プレゼント

理由


 父親がいない藤堂家では、長男の翡翠が「父親役」をしている。



 それは金銭的な事から精神的な事まで全てが含まれる。



 藤堂家の長女と次女、そして長女の息子を守る為に、日々頑張る翡翠は、ふとある事を思い付いた。

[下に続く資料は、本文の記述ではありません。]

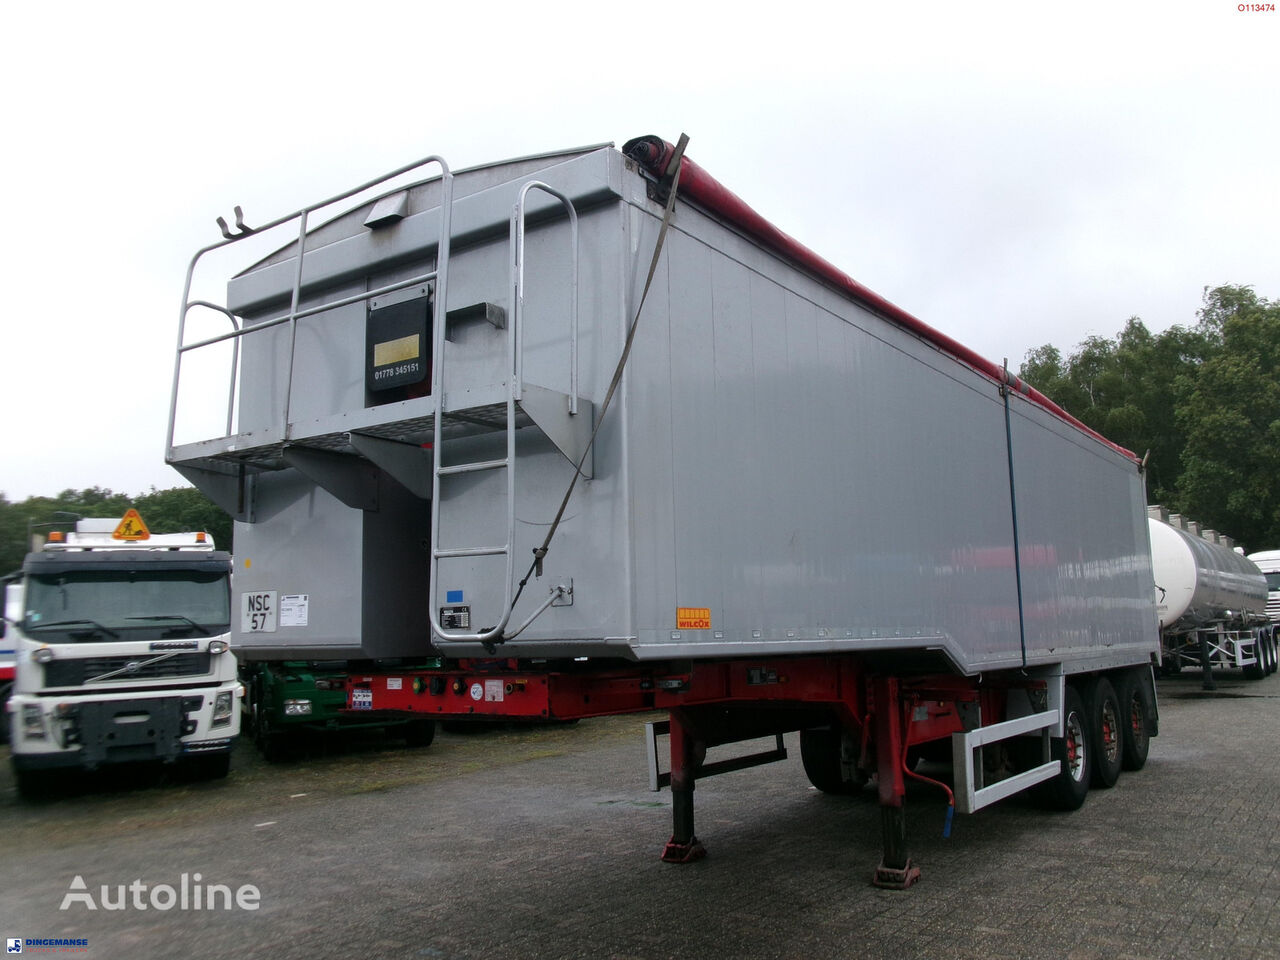 Wilcox Tipper trailer alu 55 m3 + tarpaulin semirremolque volquete
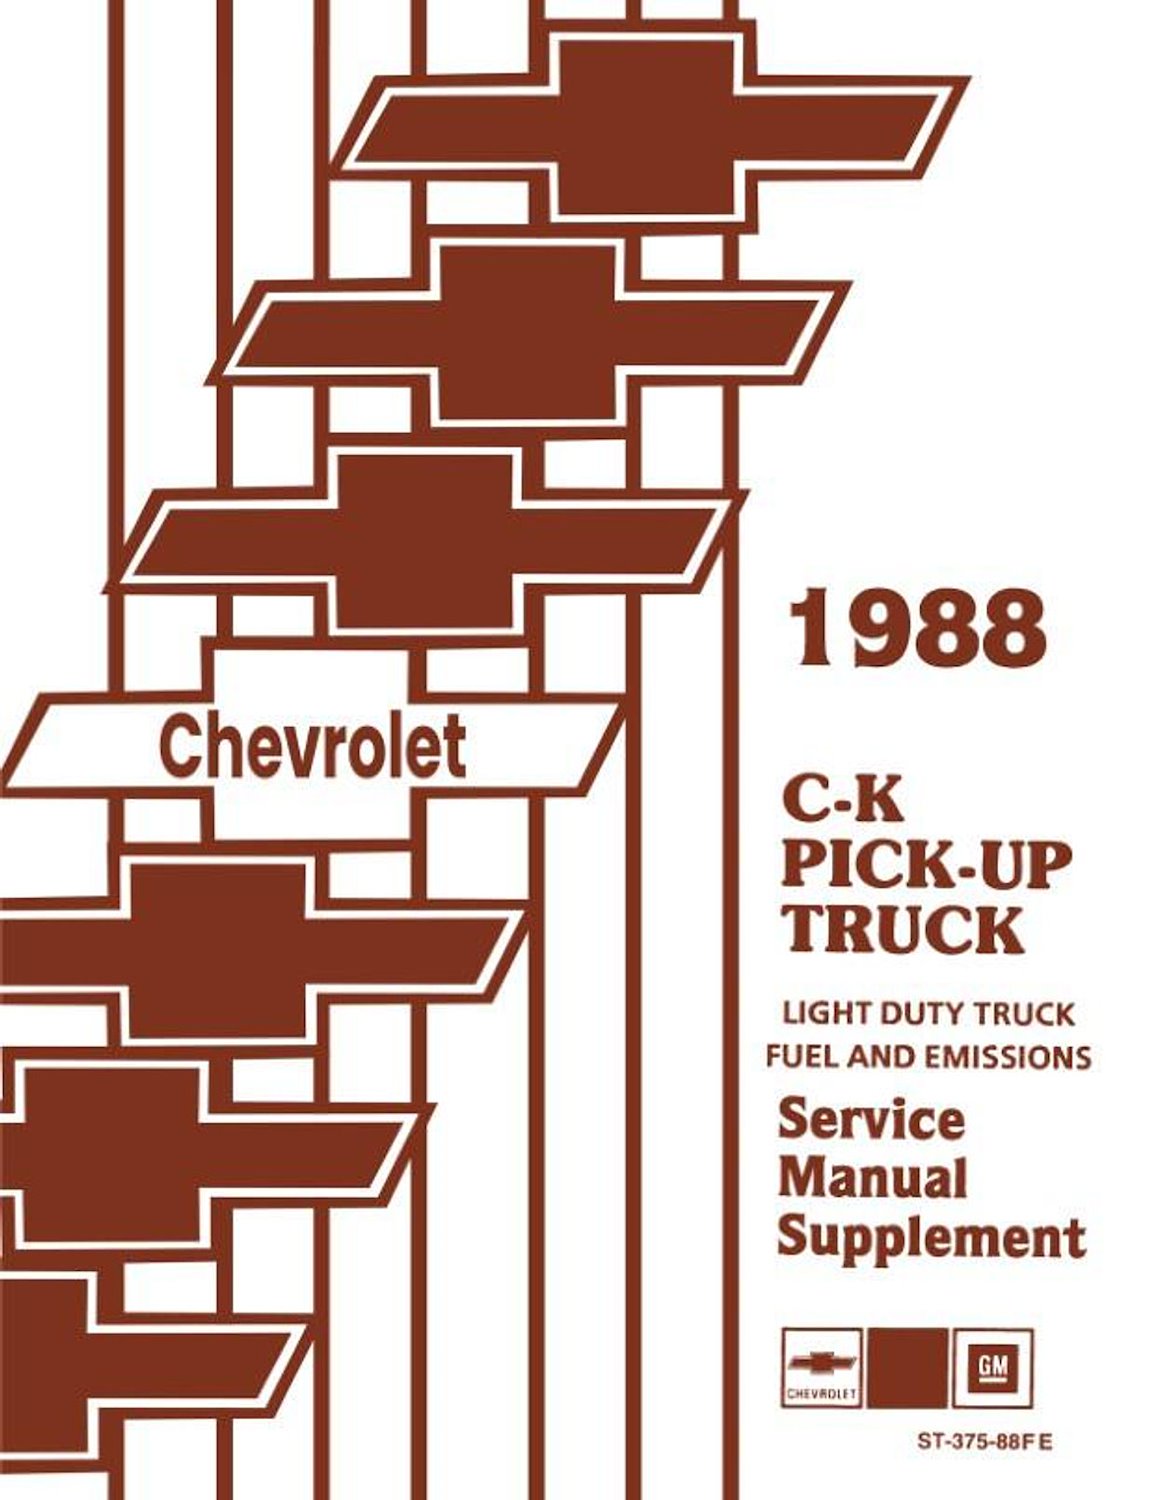 Shop Manual for 1988 Chevrolet Trucks [Supplement]

 毎年クリスマスや個々の誕生日には、それぞれが欲しいと言う物を買い与えている。



 だから本人たちからすればプレゼントに何を貰えるか分かっていて、サプライズという意味での驚きはない。



 たまにはサプライズ的な驚きも必要なのではないか。



 今年のクリスマスはそれにしよう。



 そう思い付いた翡翠だったが、それでも本人たちが欲しいと思う物をやりたいとも思う。



 そこで翡翠は更に思い付いた。



 どうすれば、本人たちの欲しい物をサプライズとして与えられるか。



 ある朝、翡翠は家族に向かってこう言った。



「お前ら、神様から何でも好きな物が貰えるとしたら何を貰うか紙に書いてみろ」



 夏の日の出来事である。



 それは、夏に聞いておけば、皆クリスマスには聞かれた事を忘れ、欲しい物をサプライズ的に貰えていいんじゃないかという翡翠の作戦のもとに実行された。